___ SOURCE MATERIAL

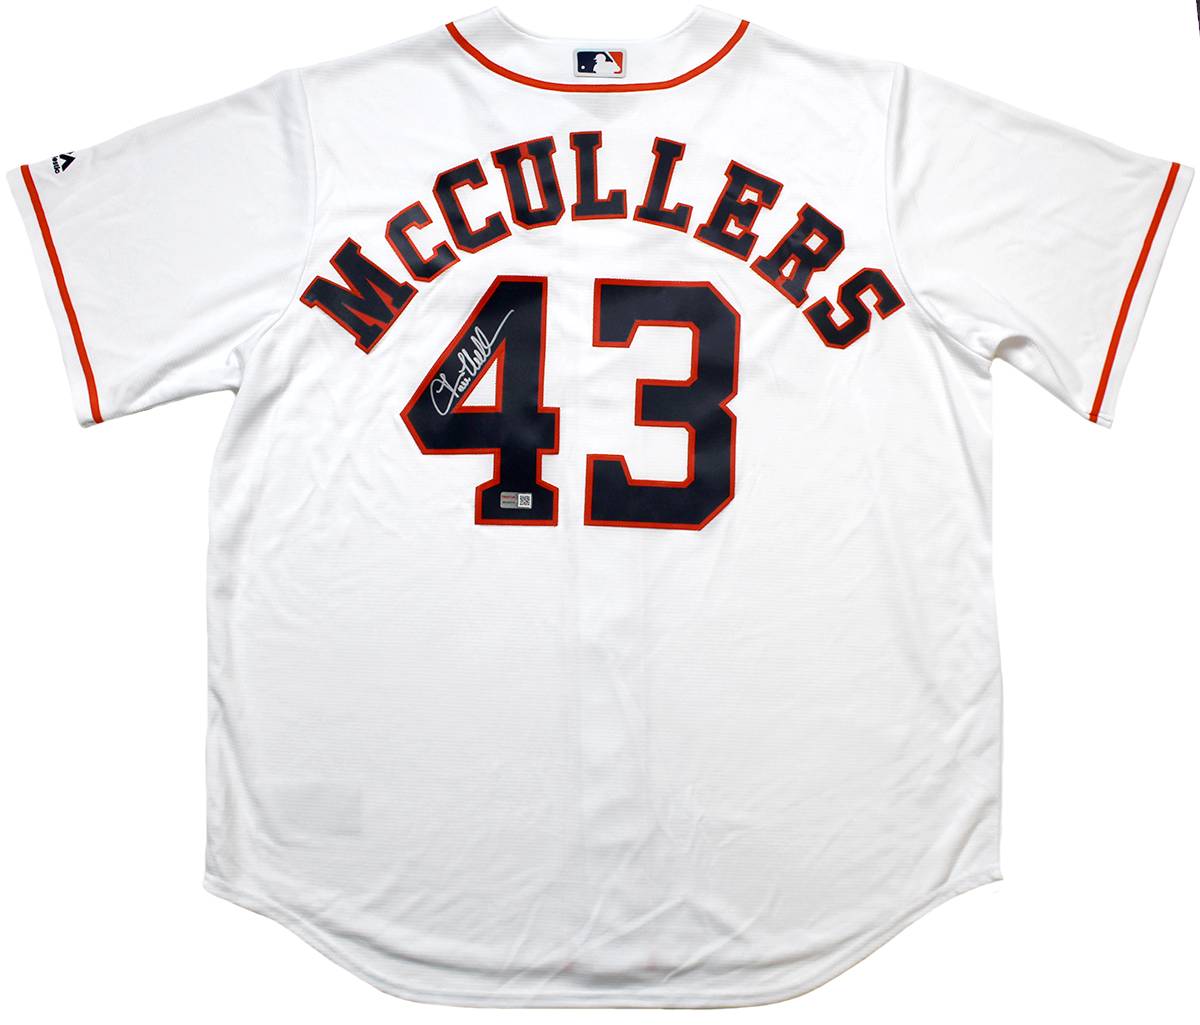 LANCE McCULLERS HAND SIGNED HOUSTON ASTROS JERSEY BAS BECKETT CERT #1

______
___ SOURCE MATERIAL

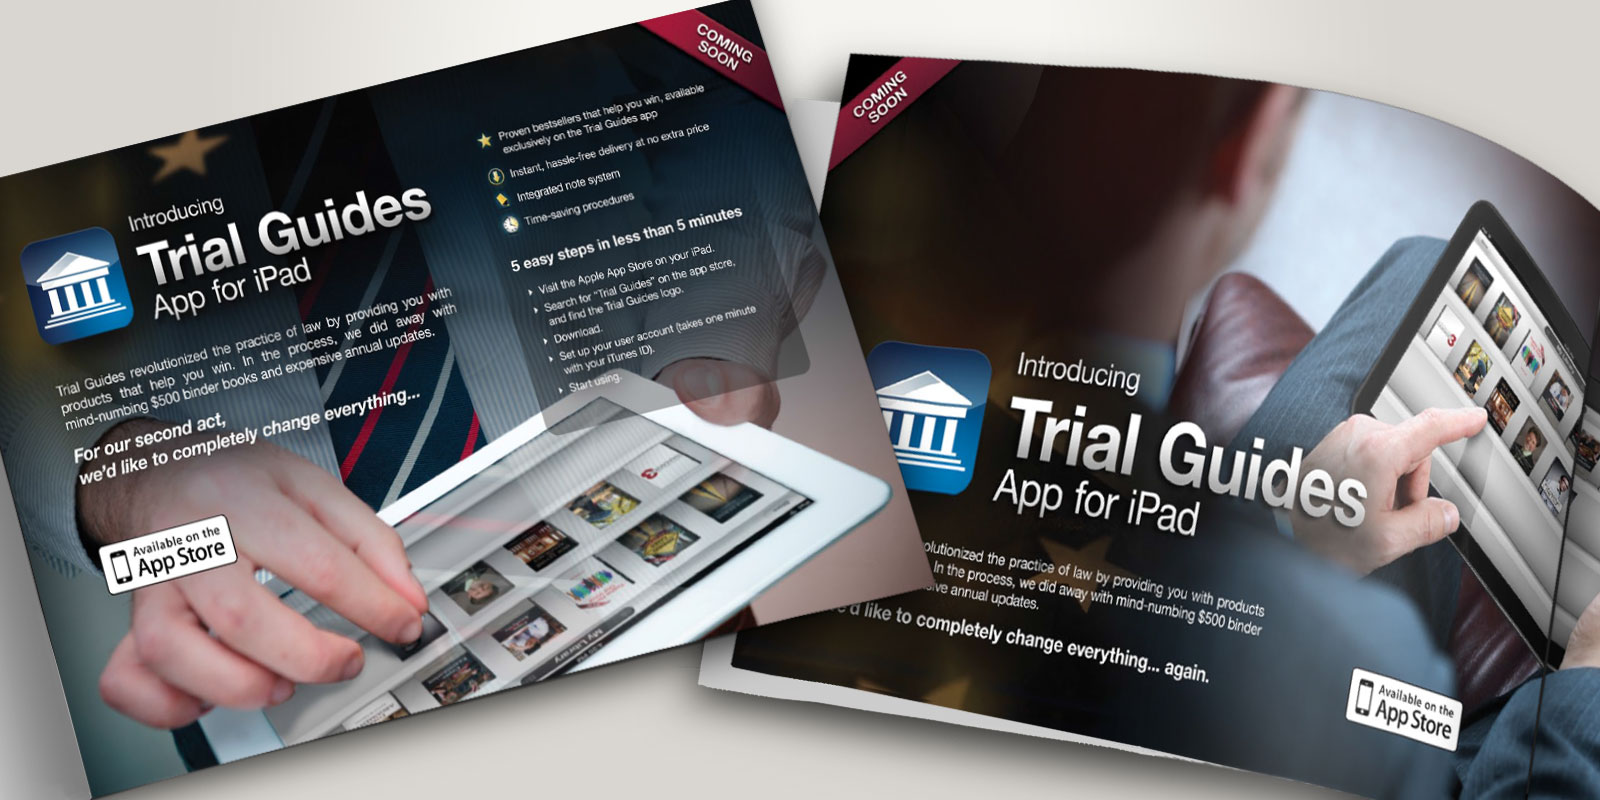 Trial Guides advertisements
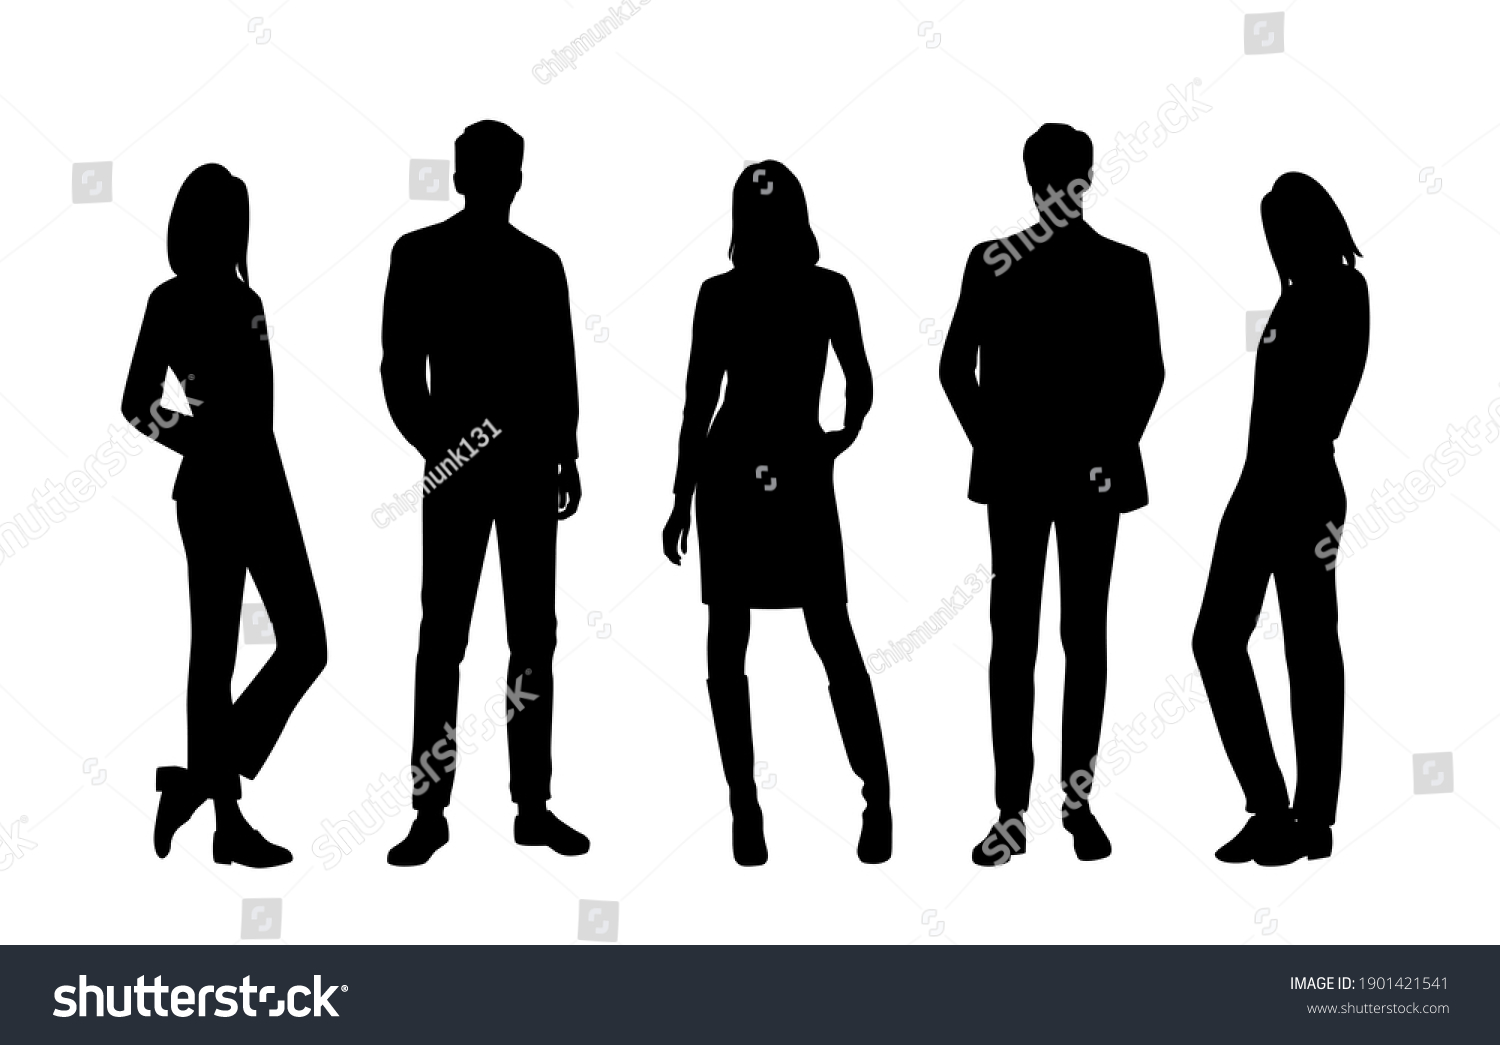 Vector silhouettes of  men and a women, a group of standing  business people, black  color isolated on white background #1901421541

______

**YOUR ASSIGNMENT**
Set down word for word the lines above from the one with "Trial Guides advertisements" up to and including the one with "Vector silhouettes of". Omit every picture.

**RESPONSE TO THE EXERCISE**
 Trial Guides advertisements
 Vector silhouettes of  men and a women, a group of standing  business people, black  color isolated on white background #1901421541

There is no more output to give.